E76.2 Other mucopolysaccharidoses

Name of the Condition

• Other Mucopolysaccharidoses (ICD-10 Code: E76.2)

Summary

Other mucopolysaccharidoses are a group of rare inherited disorders characterized by the accumulation of glycosaminoglycans (GAGs) due to enzyme deficiencies. These conditions disrupt normal cellular function, leading to progressive multisystem involvement, including skeletal abnormalities, organ enlargement, and neurological impairment. Early recognition and management are important to address complications and slow disease progression.

Causes

The disorders are caused by genetic mutations that impair enzymes responsible for breaking down glycosaminoglycans. These mutations result in the accumulation of undegraded GAGs in cells, tissues, and organs, disrupting normal structure and function. The specific enzyme deficiency determines the type and severity of the condition.

Risk Factors

• Family history of mucopolysaccharidoses or related lysosomal storage disorders.
• Consanguineous relationships (increased risk of recessive inheritance).
• Ethnic or geographic populations with higher carrier rates for specific mutations.

Symptoms

• Skeletal abnormalities, such as short stature, joint stiffness, or dysostosis multiplex.
• Organ enlargement (e.g., hepatosplenomegaly).
• Neurological symptoms, including developmental delay, seizures, or cognitive impairment.
• Coarse facial features, clouded corneas, or hearing loss.

Diagnosis

Diagnosis involves a combination of clinical evaluation, enzyme activity testing, genetic testing, and imaging studies. Urine tests may detect elevated GAG levels, while enzyme assays identify specific deficiencies. Genetic testing confirms the underlying mutation. Early diagnosis is critical for initiating appropriate management.

Treatment Options

Treatment focuses on managing symptoms and slowing disease progression. Enzyme replacement therapy (ERT) may be used for some types. Supportive care includes physical therapy, surgery for skeletal or organ complications, and medications to address pain or neurological symptoms. Hematopoietic stem cell transplantation (HSCT) may be considered in select cases.

Prognosis and Follow-Up

Prognosis varies by type and severity, with some forms causing early mortality and others allowing longer survival with management. Regular follow-up with a multidisciplinary team (e.g., geneticists, neurologists, orthopedists) is essential to monitor organ function, developmental progress, and treatment response. Lifelong care is typically required.

Complications

• Progressive skeletal deformities or joint contractures.
• Cardiac or respiratory complications from organ enlargement.
• Neurological decline or cognitive impairment.
• Vision or hearing loss due to tissue accumulation.

Lifestyle & Prevention

While prevention of the genetic condition is not possible, early intervention can improve outcomes. Families may benefit from genetic counseling to understand inheritance risks. Supportive measures, such as adaptive equipment or educational resources, help manage daily functioning.

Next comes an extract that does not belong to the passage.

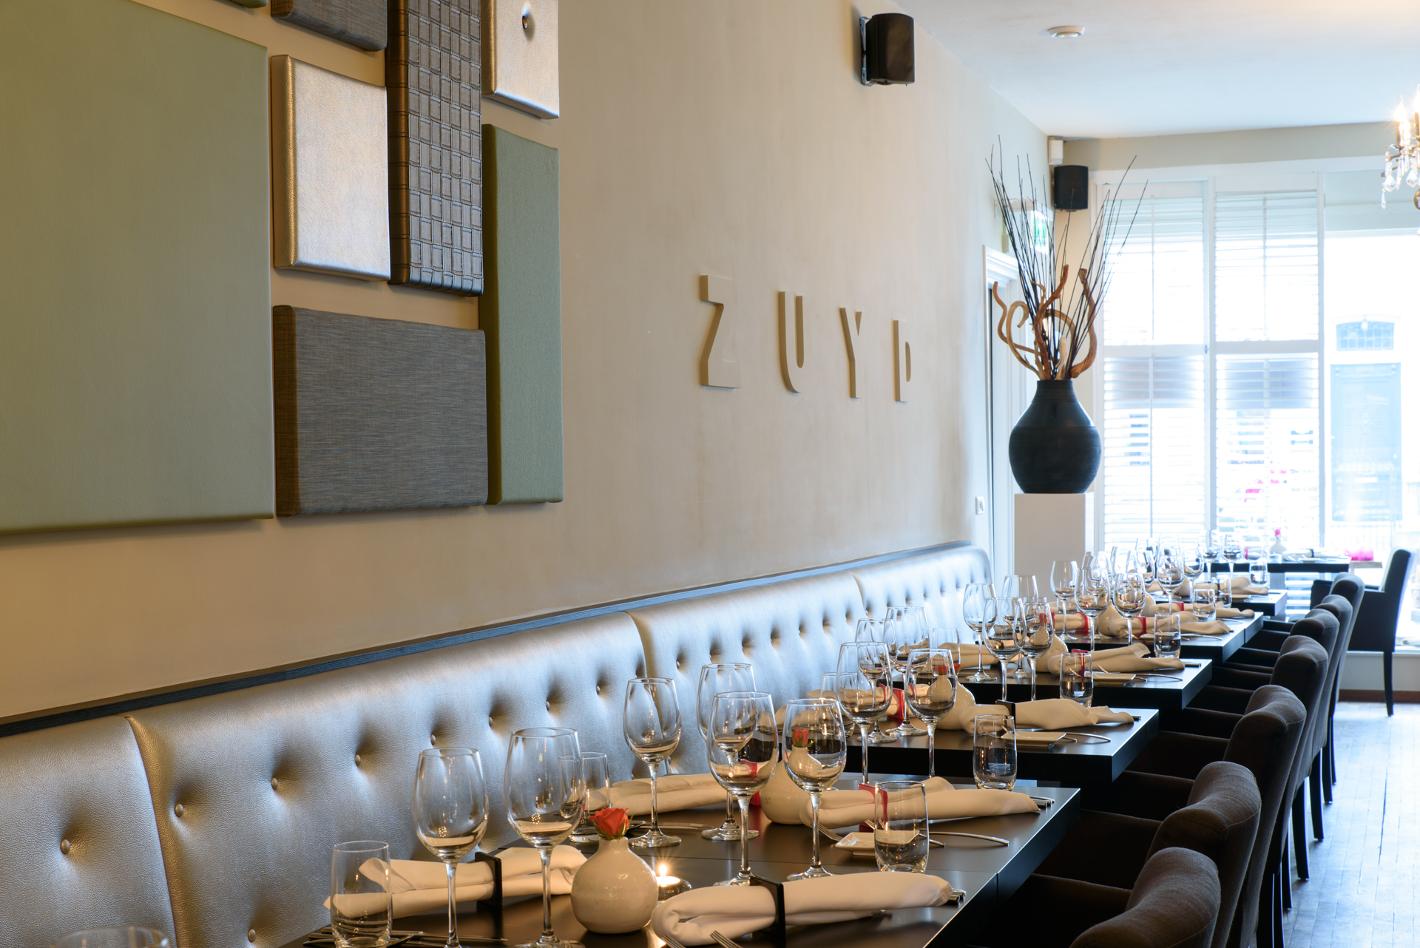 Photo Restaurant Zuyd in Breda, Eat & drink, Lunch, Dining - #1

When to Seek Professional Help

Seek medical attention if symptoms like developmental delays, unexplained organ enlargement, or skeletal abnormalities appear. Prompt evaluation is crucial for diagnosis and treatment initiation. Genetic counseling is recommended for families with a history of mucopolysaccharidoses.

Tips for Medical Coders

Document the specific type of mucopolysaccharidosis (if known) and any associated complications (e.g., organ involvement, neurological symptoms) to support accurate coding. Ensure clinical documentation aligns with the diagnosis and includes details relevant to the condition's presentation and management.